U.S. Latinos are more likely than U.S. adults generally to say the coronavirus pandemic has changed their daily lives, disrupted their finances and will threaten their health, according to new surveys by Pew and the Kaiser Family Foundation.

Though so far there’s been spotty government data collection and publication, early data shows the virus already is hitting black and brown Americans especially hard.

It’s thus not surprising that Hispanics say the public health emergency is affecting their mental health at rates higher than whites. About 50% of Hispanics say the pandemic has had a negative impact on their mental health; nearly 25% say it’s had a major impact, compared to 17% of whites.

A number of factors make Latinos more economically and physically vulnerable to COVID-19.

Along with blacks and Native Americans, Latinos frequently have underlying health conditions, including bronchitis and diabetes, that make them more susceptible to complications from the virus.

Many risk exposure in jobs that are impossible to do from home — working as nursing home care aids, construction workers and farm laborers — “the basic workforce the whole society depends on,” said Suárez.

“The majority of our Latino clients inform us that they don’t have a choice,” she said. “They don’t stop because they must continue to support their families.”

At the same time many Hispanics work in areas that have been devastated by virus-induced layoffs, such the restaurant and hospitality industries.

“We don’t know the final impact of the virus yet on Latinos, but we know they are vulnerable, as we all are,” Suárez said. “Many have already lost loved ones through family separation, through policies at the border. The virus adds another layer of fear.”

Efforts to help

The need for more culturally informed, bilingual care has become far more acute during the pandemic and makes those who provide such support all the more valuable to the Latino community.

Foremost among Oregon programs with a Catholic framework is Catholic Charities’ well-established Intercultural Counseling Center. During the coronavirus, therapists have continued to conduct regular sessions virtually.

Northwest Catholic Counseling Center in Portland launched a program last fall called Levantar, which provides low-cost, culturally and linguistically tailored mental health care. It is maintaining services to clients through video chat and telephone.

In addition to such counseling programs, Providence Health and Services has Promotores de Salud de la iglesia, which trains volunteers to build healthier communities within 14 participating Catholic parishes. It’s also meeting mental health care needs via technology, offering events through Facebook Live and creating a series of videos for the Latino community on stress responses and how to speak with youths about COVID-19.

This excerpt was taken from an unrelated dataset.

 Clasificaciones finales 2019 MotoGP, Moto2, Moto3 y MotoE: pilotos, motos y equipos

And at St. Andrew Parish in Northeast Portland, a Latino youth minister for several years has focused on deepening teens’ faith while reducing stigma around mental illness. During the outbreak he’s leading youth group meetings on Zoom and staying connected daily to the young people through social media.

Suárez said she’d like to see mental health experts and parishes work more closely together.

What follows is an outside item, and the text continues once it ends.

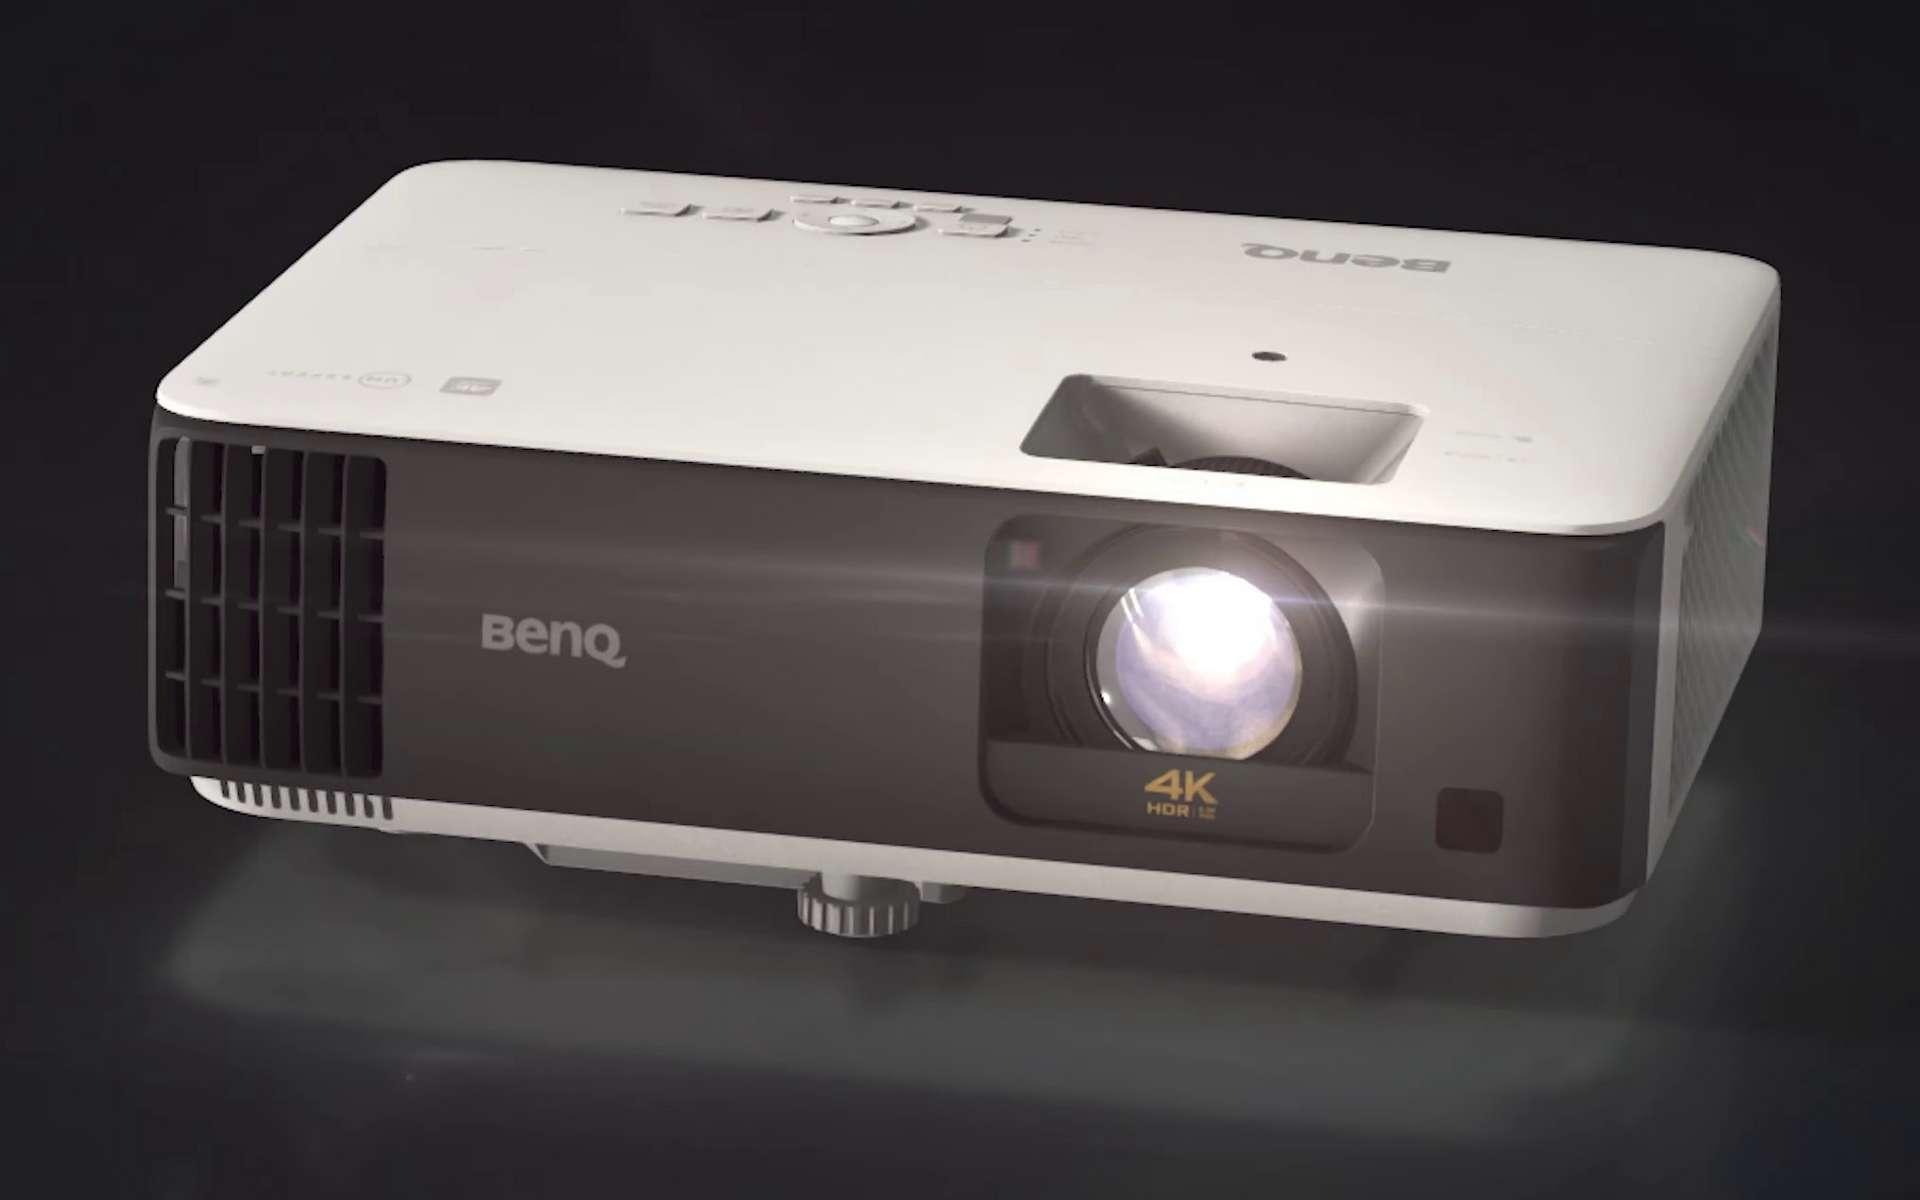 Le nouveau projecteur TK700STi de BenQ à destination des gamers. © BenQ

“I believe parishes are such an important space for our community, and I’m hoping we will be doing more collaboration in the future.”

Kelsey Bell works in pastoral care for the Portland Archdiocese and for years has listened to Oregon Hispanics’ needs across the region. Bell, who is bilingual, believes faith communities “can go a long way in reducing the overall stigma around mental illness.”

It begins with people understanding that “mental health challenges are real and that support exists, even if it’s very hard to find,” she said.

Suárez tells Latinos not to be alone in their suffering or to give up looking for a therapist who understands their needs.

“Go to those you trust, and we, counselors or therapists, hope to be there to support you, too.”